7. Originally Posted by tabstop
After you found the first person, where are you going to put the second person? You don't want them at the head of the list....
that's exactly that! I figured out that my logic is flawed in that respect

8. Originally Posted by tabstop
After you found the first person, where are you going to put the second person? You don't want them at the head of the list....
Tabstop has clicked onto the major logic problem here, that I also noticed reading the first post.
The algorithm you describe can only work for a list with at most two items.
As soon as you have 3 items say (15, 10, 5) then it can never work.

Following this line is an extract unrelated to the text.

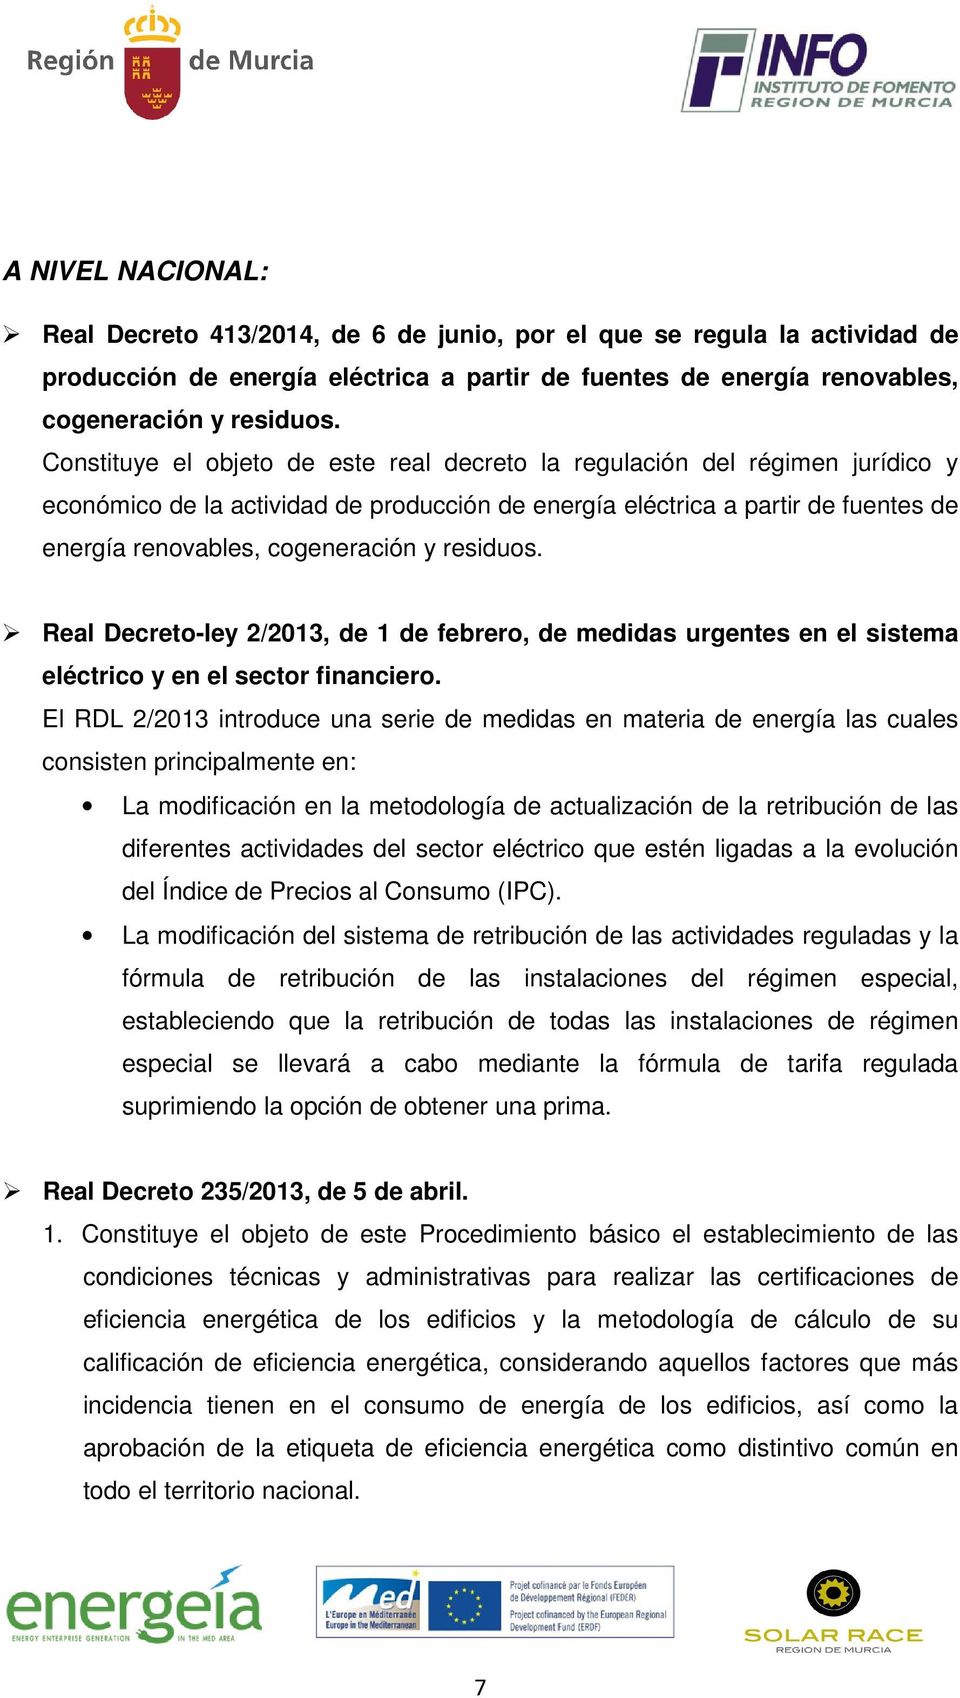 residuos. Real Decreto-ley 2/2013, de 1 de febrero, de medidas urgentes en el sistema eléctrico y en el sector financiero.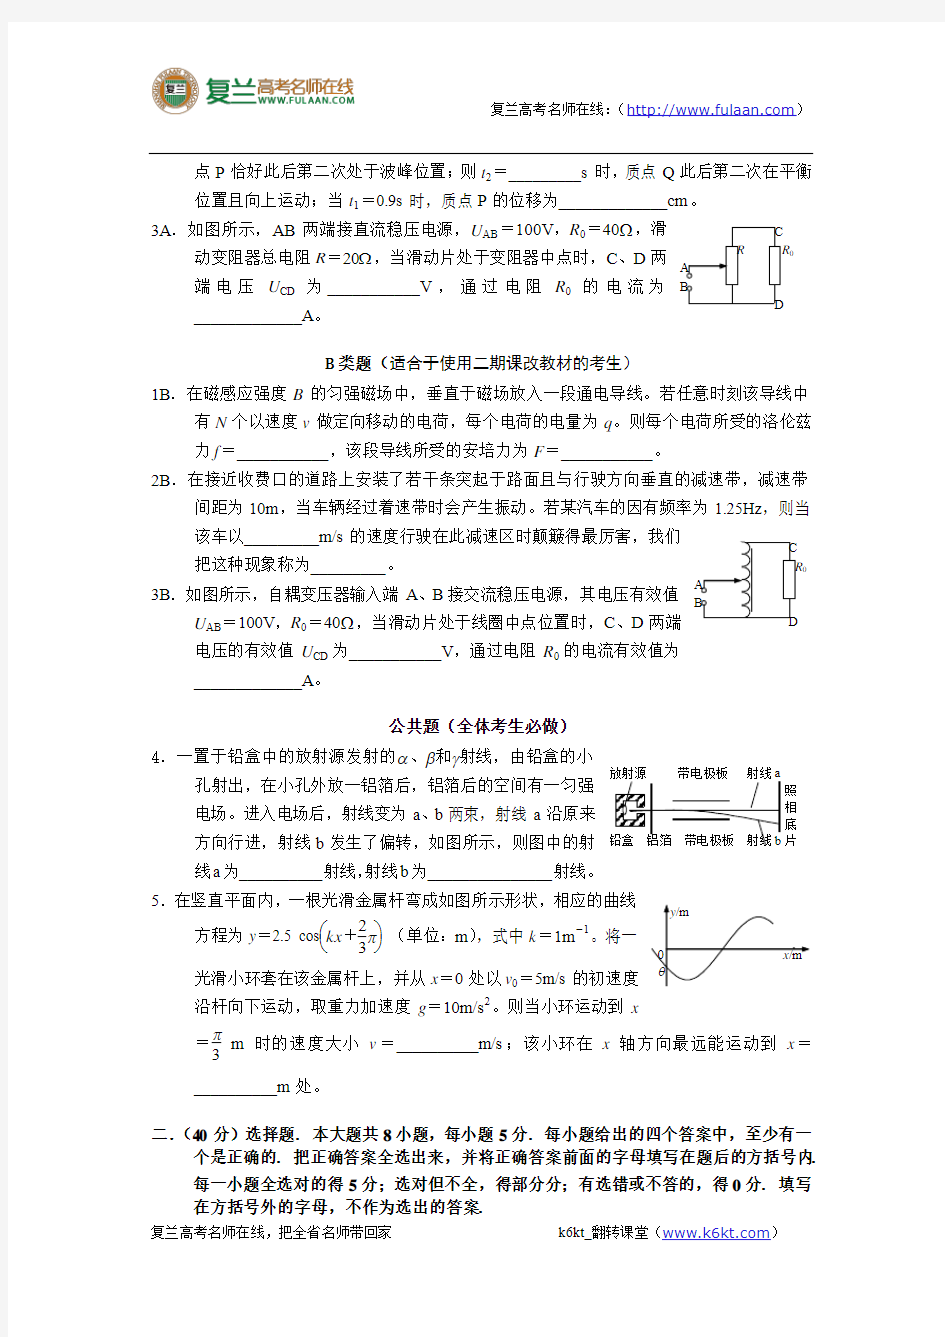 2007年高考试题——物理(上海卷)-精编解析版

First step would be to locate the 5 and move it to the front, giving (5, 15, 10)
Not sorted, so continue.
Next step would be to locate the 5!! and move it to the front, giving (5, 15, 10)
Not sorted, so continue.
Next step would be to locate the 5!!!!
... etc

What you need to do is have two separate lists. One list of unsorted items, and one list of sorted items. You find the smallest from the unsorted list, remove the item from that list, and then append it to your other list.
Once the unsorted list is empty, you swap the list pointers over to put your newly sorted list back in place, and you're done.

9. Originally Posted by iMalc
Tabstop has clicked onto the major logic problem here, that I also noticed reading the first post.
The algorithm you describe can only work for a list with at most two items.
As soon as you have 3 items say (15, 10, 5) then it can never work.

First step would be to locate the 5 and move it to the front, giving (5, 15, 10)
Not sorted, so continue.
Next step would be to locate the 5!! and move it to the front, giving (5, 15, 10)
Not sorted, so continue.
Next step would be to locate the 5!!!!
... etc

What you need to do is have two separate lists. One list of unsorted items, and one list of sorted items. You find the smallest from the unsorted list, remove the item from that list, and then append it to your other list.
Once the unsorted list is empty, you swap the list pointers over to put your newly sorted list back in place, and you're done.
I think, although I didn't try it out, that he can get away with doing this in place, by moving the "head" forward -- use an extra pointer that can take the place of head in calls to MoveNode and in starting the walk-forward-looking-for-min loop.

10. Yes indeed he can; the only difference with such an implementation being that to keep it as one list you'd be connecting the node that you append to the sorted list, to the remainder of the unsorted list, upon each append instead of null-terminating. Otherwise the two approaches are logically identical.

In fact, if you simply don't connect the two lists together, and don't null-terminate the sorted list after each append either, (deferring the null-terminating until the original list is empty) you end up doing even less work / with less code.